The Independent’s recent article entitled “Meghan and Harry: How much did Diana leave in inheritance for Harry?” reports that Harry’s comment in the recent interview with his wife Meghan had many viewers who tuned in wondering how much Harry’s mother had left him, after her tragic death at the age of 36.

“It’s like she saw it coming and she’s been with us through this whole process,” Harry said

Diana left an estate of roughly $30 million, but at least a third of that was paid in inheritance tax, leaving nearly $18 million, according to reports. The sum was split equally between William and younger brother Harry. They were 15 and 12, when Diana died in a Paris car crash in 1997.

It is said that the funds were invested by royal advisers, which saw its value go up to around $28 million by the time her sons reached the age when they were able to access it.

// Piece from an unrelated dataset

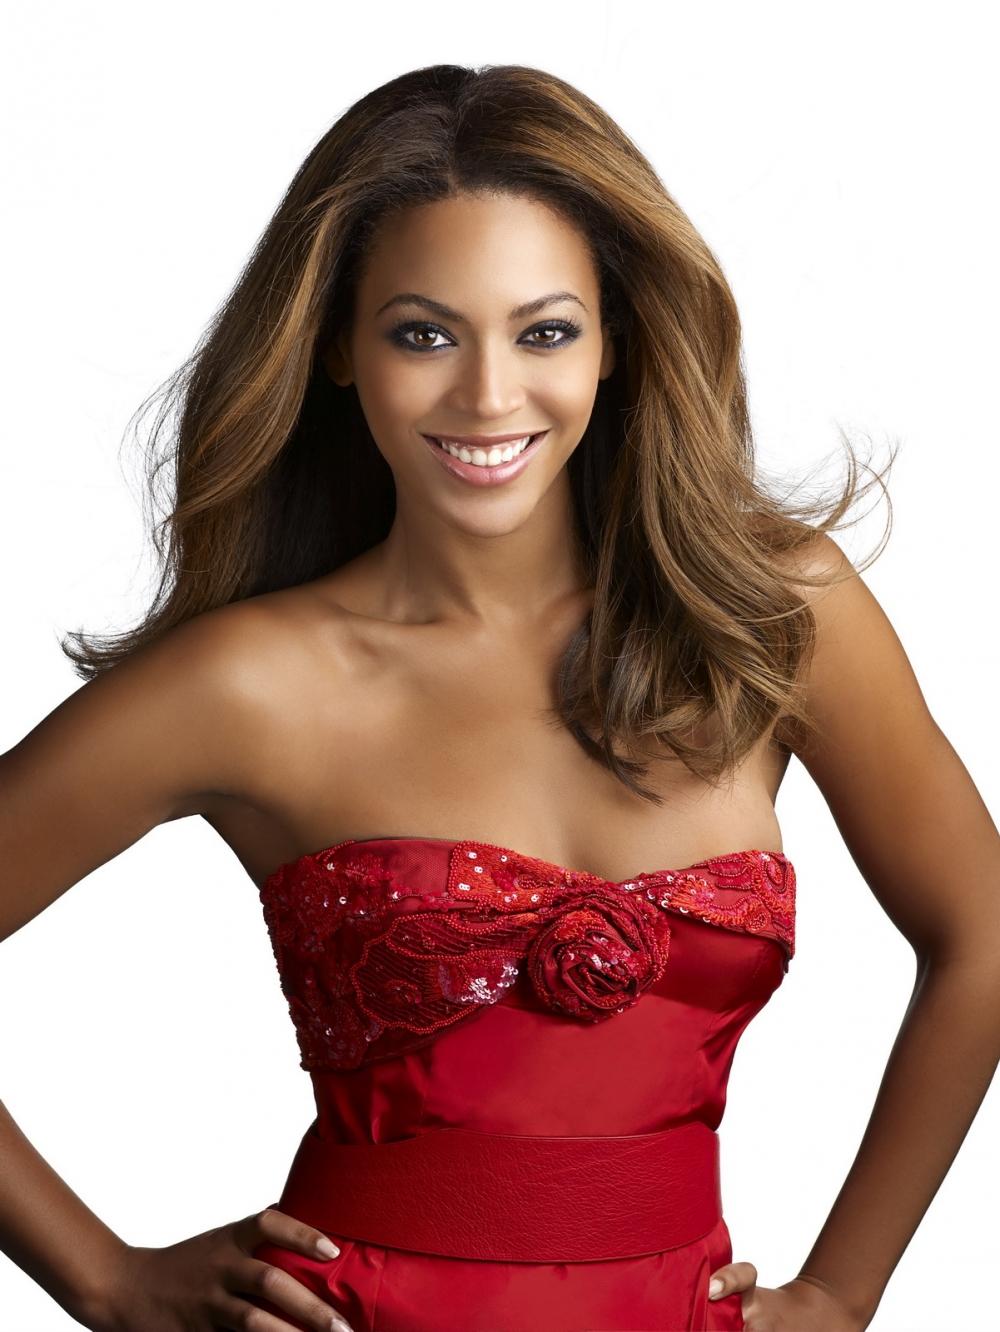 Photo №3270 Beyonce Knowles.

Upon reaching 25, William and Harry were entitled to all of the income of their share. However, prior to this, the income could be paid at the trustees’ discretion.

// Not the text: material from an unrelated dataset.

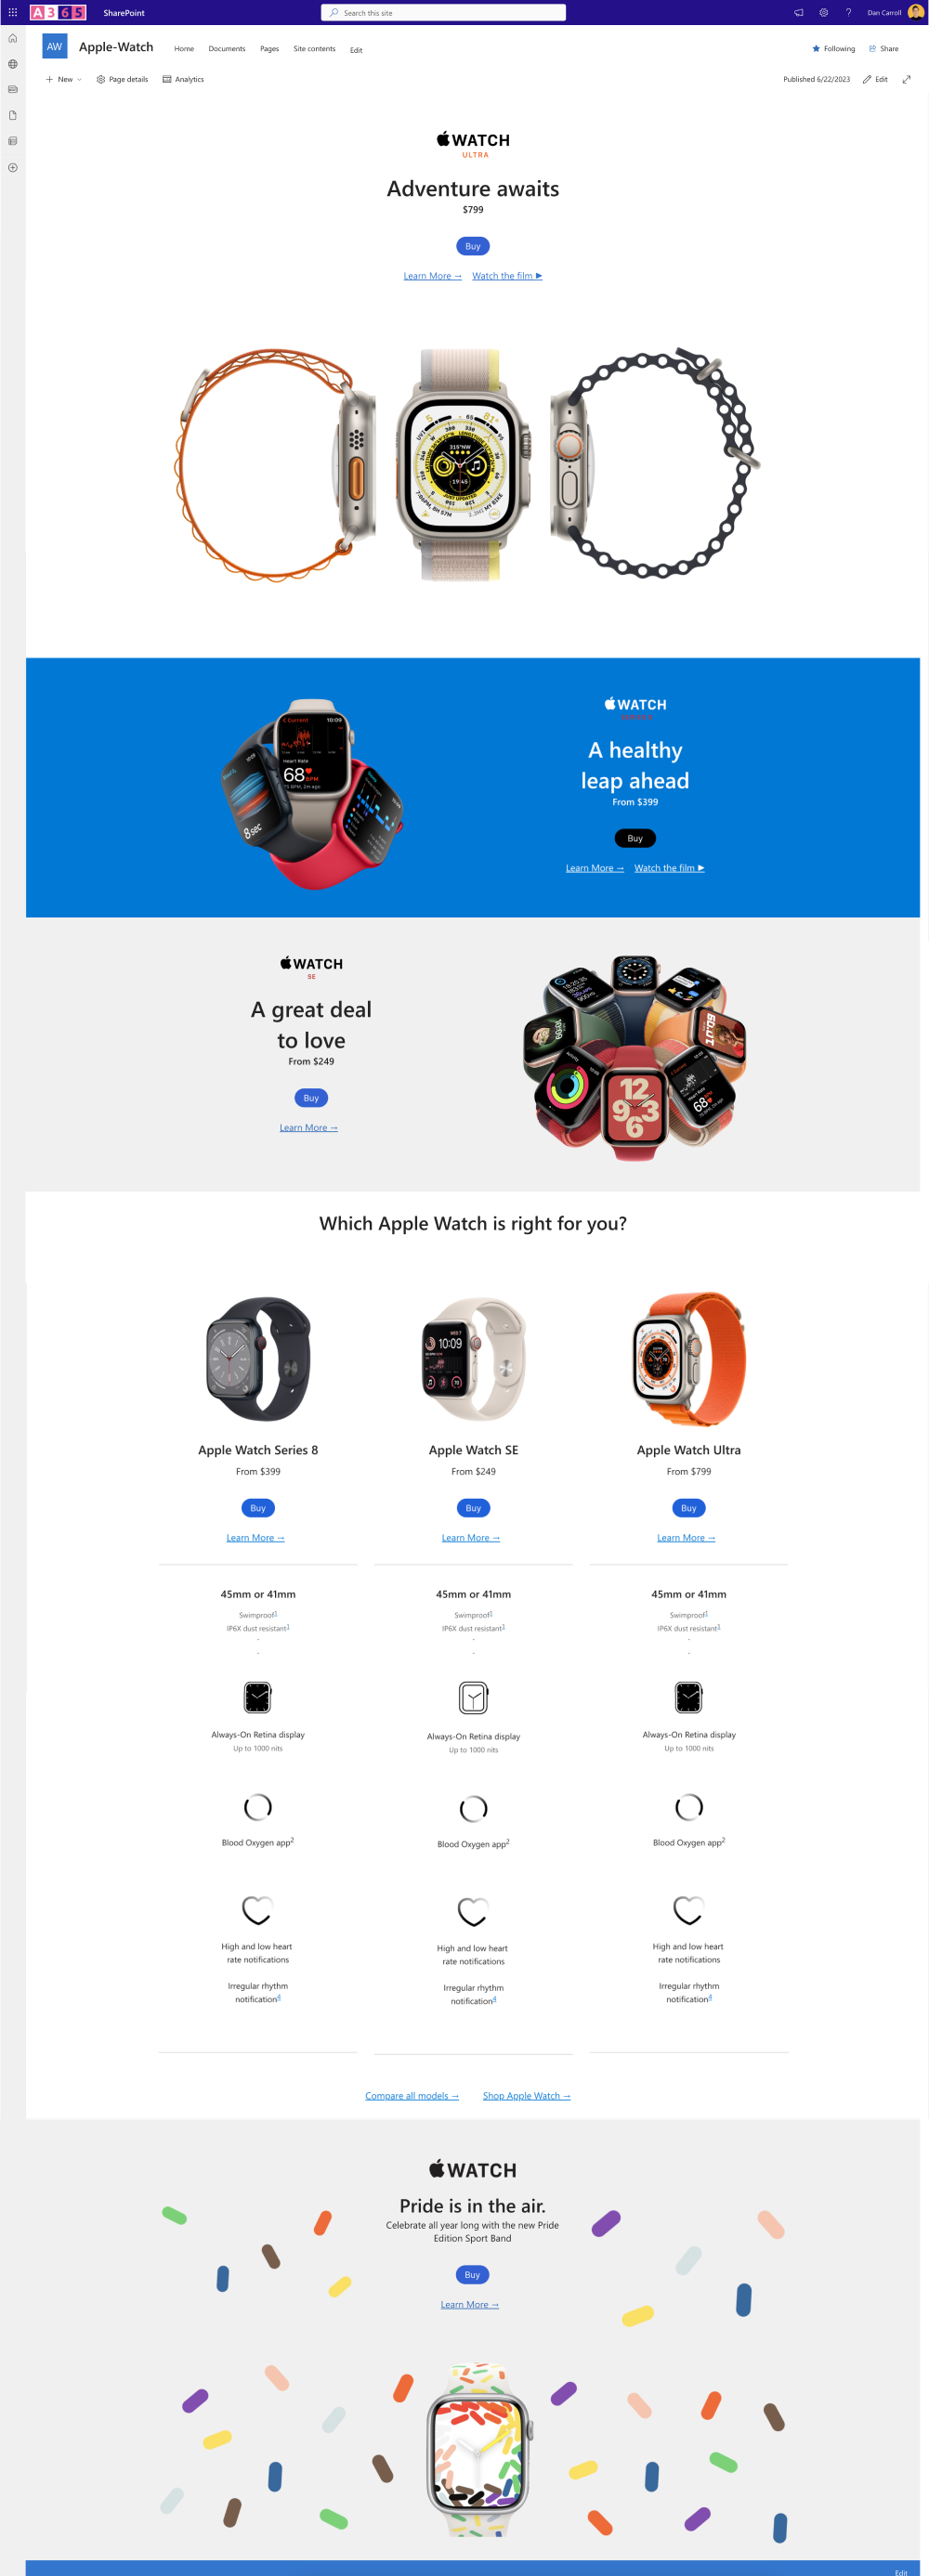 SharePoint vesrsion of the Apple Watch Landing Page

The trustees of Princess Diana’s estate had the authority to pay out the assets to William and Harry at any time, but when they each turned 30, they were able to request their full share of the capital, rather than only receiving the interest on that sum.

Diana’s estate was comprised of stocks and shares, jewelry, her multi-million-pound divorce settlement from the boys’ father, Prince Charles, as well as her clothing and personal items. In addition, William and Harry’s great-grandmother, the Queen Mother, also reportedly left them approximately $20 million to divide between them.

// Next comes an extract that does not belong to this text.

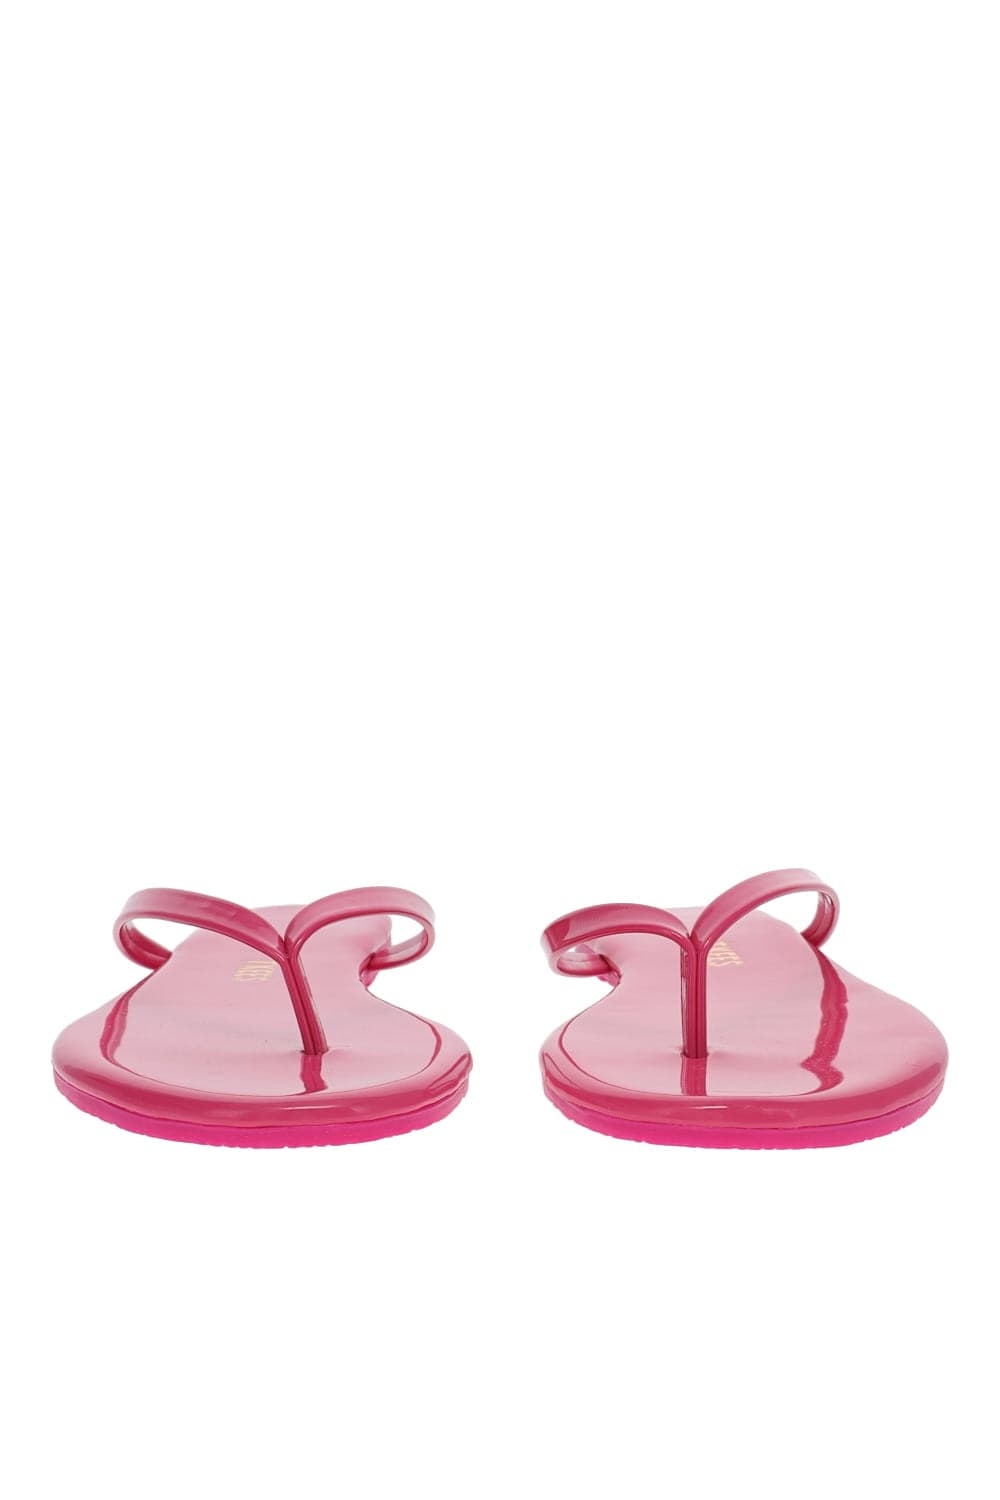 TKEES Lily Hot Pink Patent Leather Sandal

Meghan has been said to enter her marriage with around $5 million in earnings from her acting career, which included starring in the USA Network drama, “Suits.”

In September 2020, news was announced that the couple had signed a reported multi-million-dollar deal with Netflix to produce exclusive content, such as documentaries, docuseries, feature films, scripted shows and children’s programming.

More recently, Harry and Meghan agreed to a deal with Spotify to create podcast content.

Reference: The Independent (March 9, 2021) “Meghan and Harry: How much did Diana leave in inheritance for Harry?”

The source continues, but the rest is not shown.